__GIVEN INFORMATION__
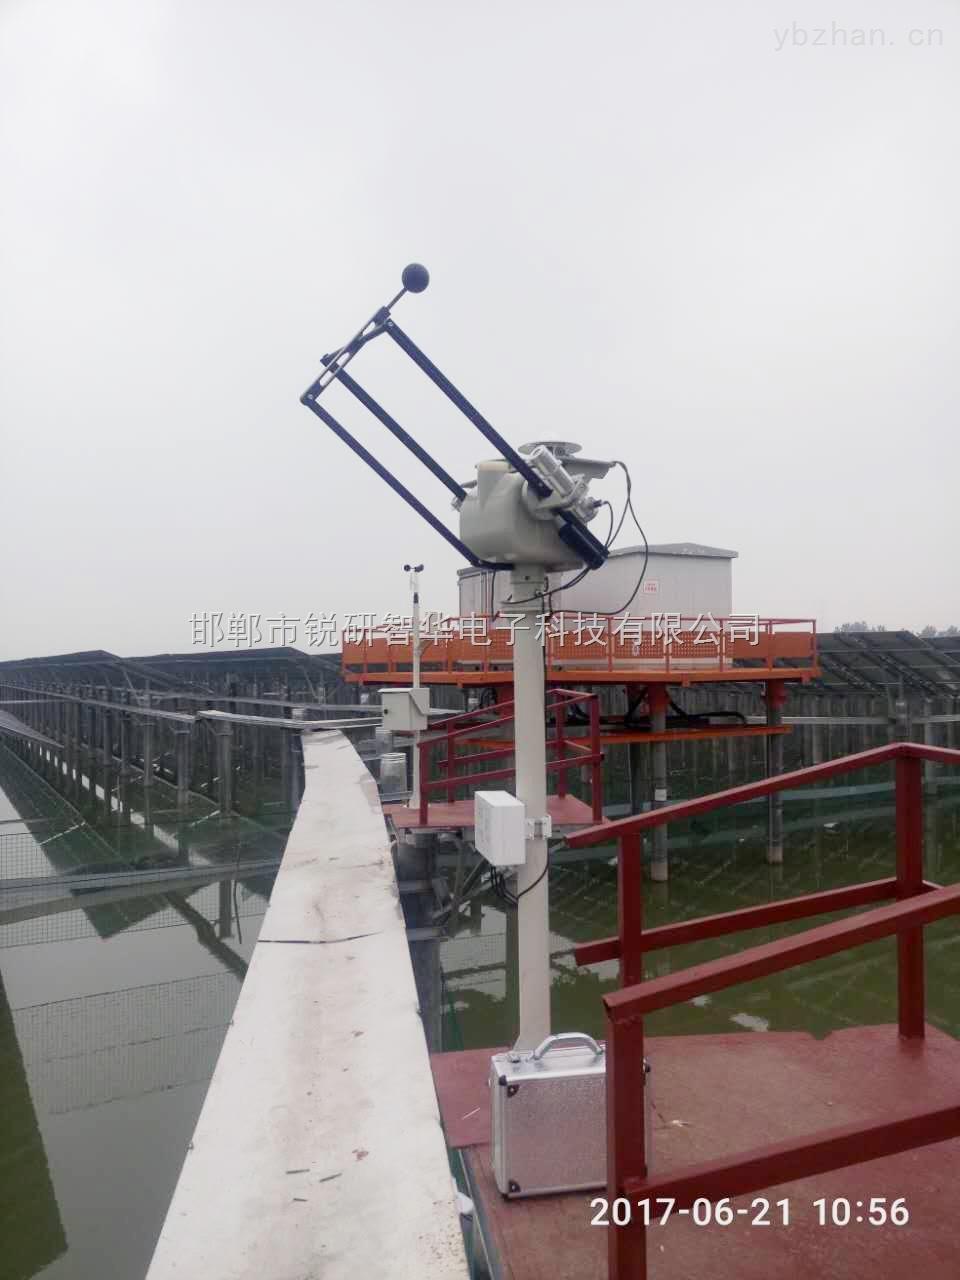 RY-Saut-3全自动跟踪太阳辐射仪
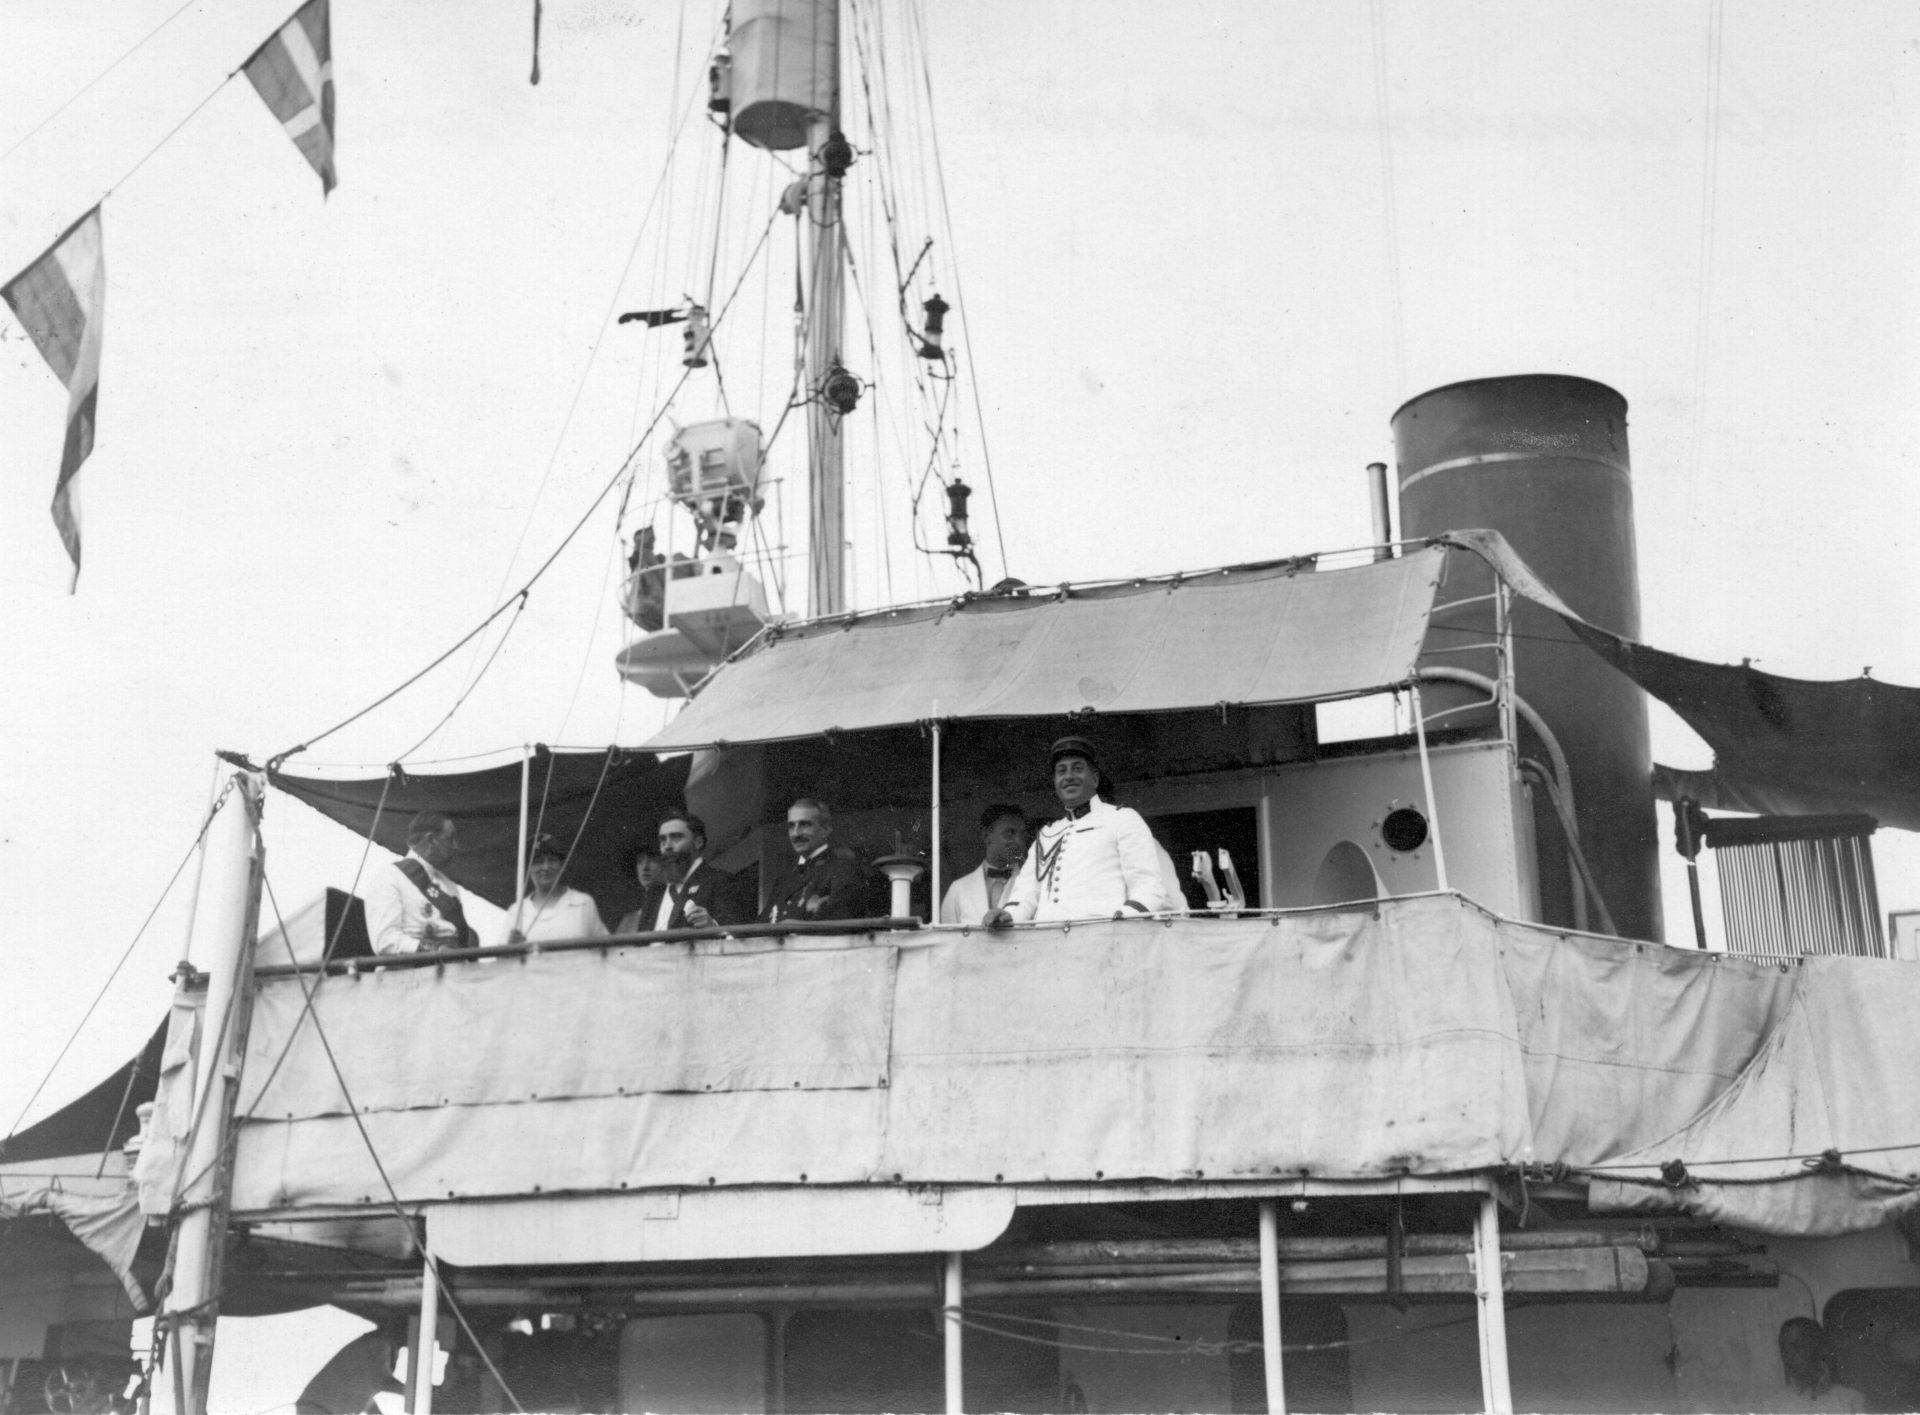 La cannonière arrive à Pnom-Penh
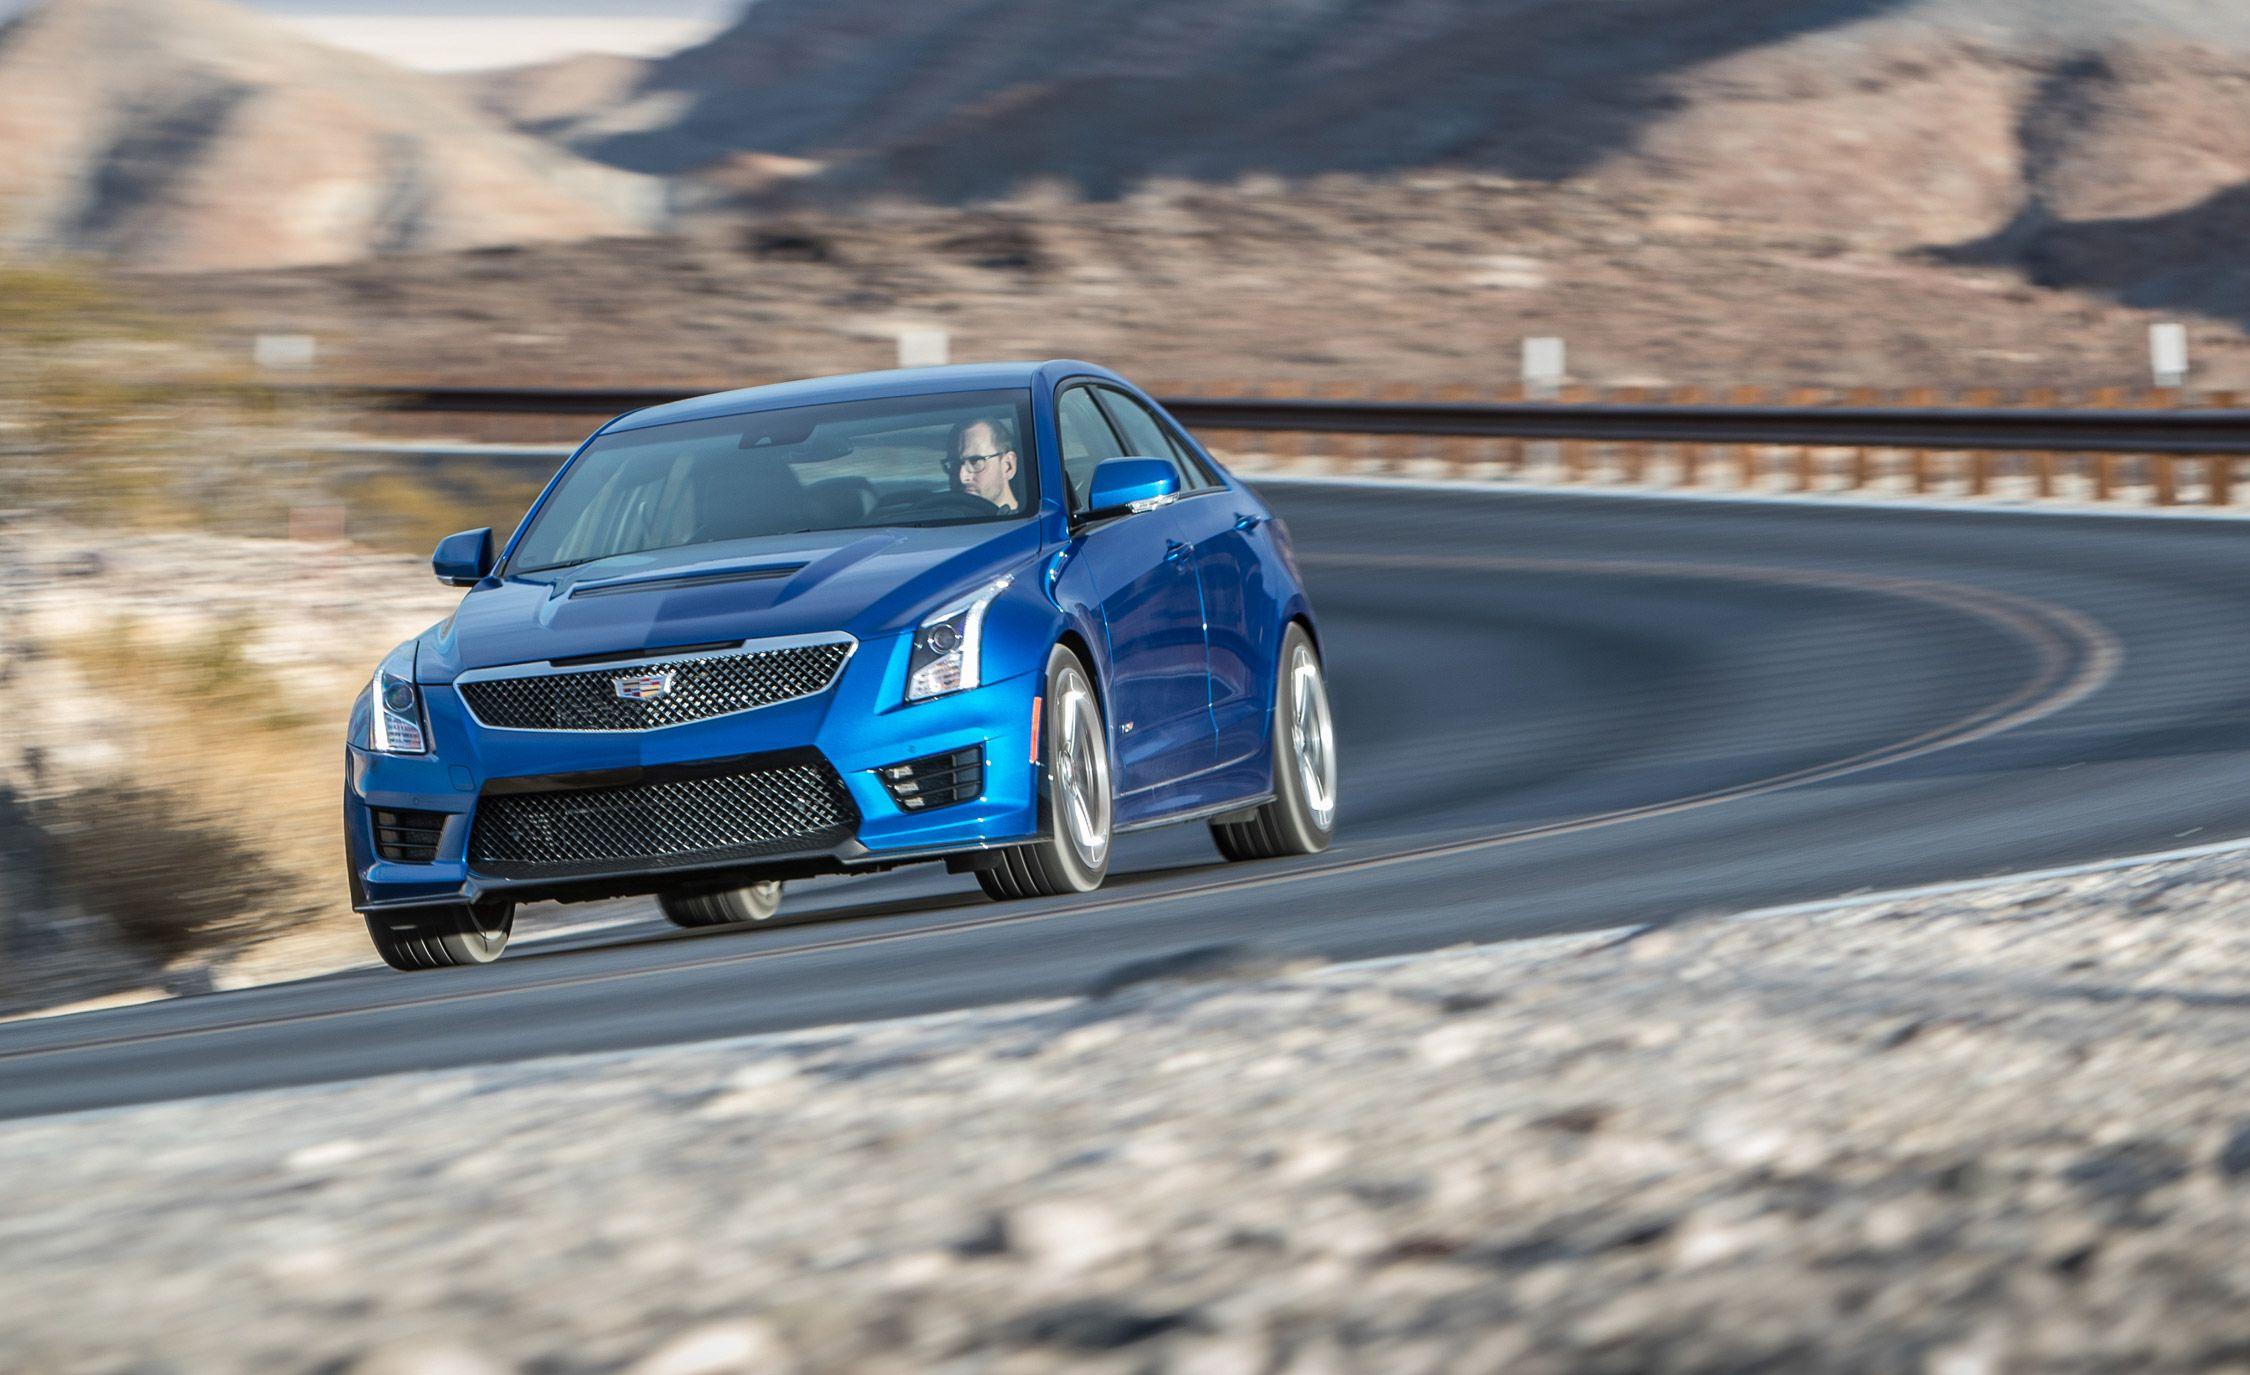 Cadillac Ats V Reviews Price Photos And Specs 2012 Xts Wiring Diagram Car Driver

__ASSIGNED TASK__
Starting at the line that contains "La cannonière arrive à Pnom-Penh", restate each line verbatim through the final line of the listing, skipping all pictures.

__FINISHED EXERCISE__
 La cannonière arrive à Pnom-Penh
 Cadillac Ats V Reviews Price Photos And Specs 2012 Xts Wiring Diagram Car Driver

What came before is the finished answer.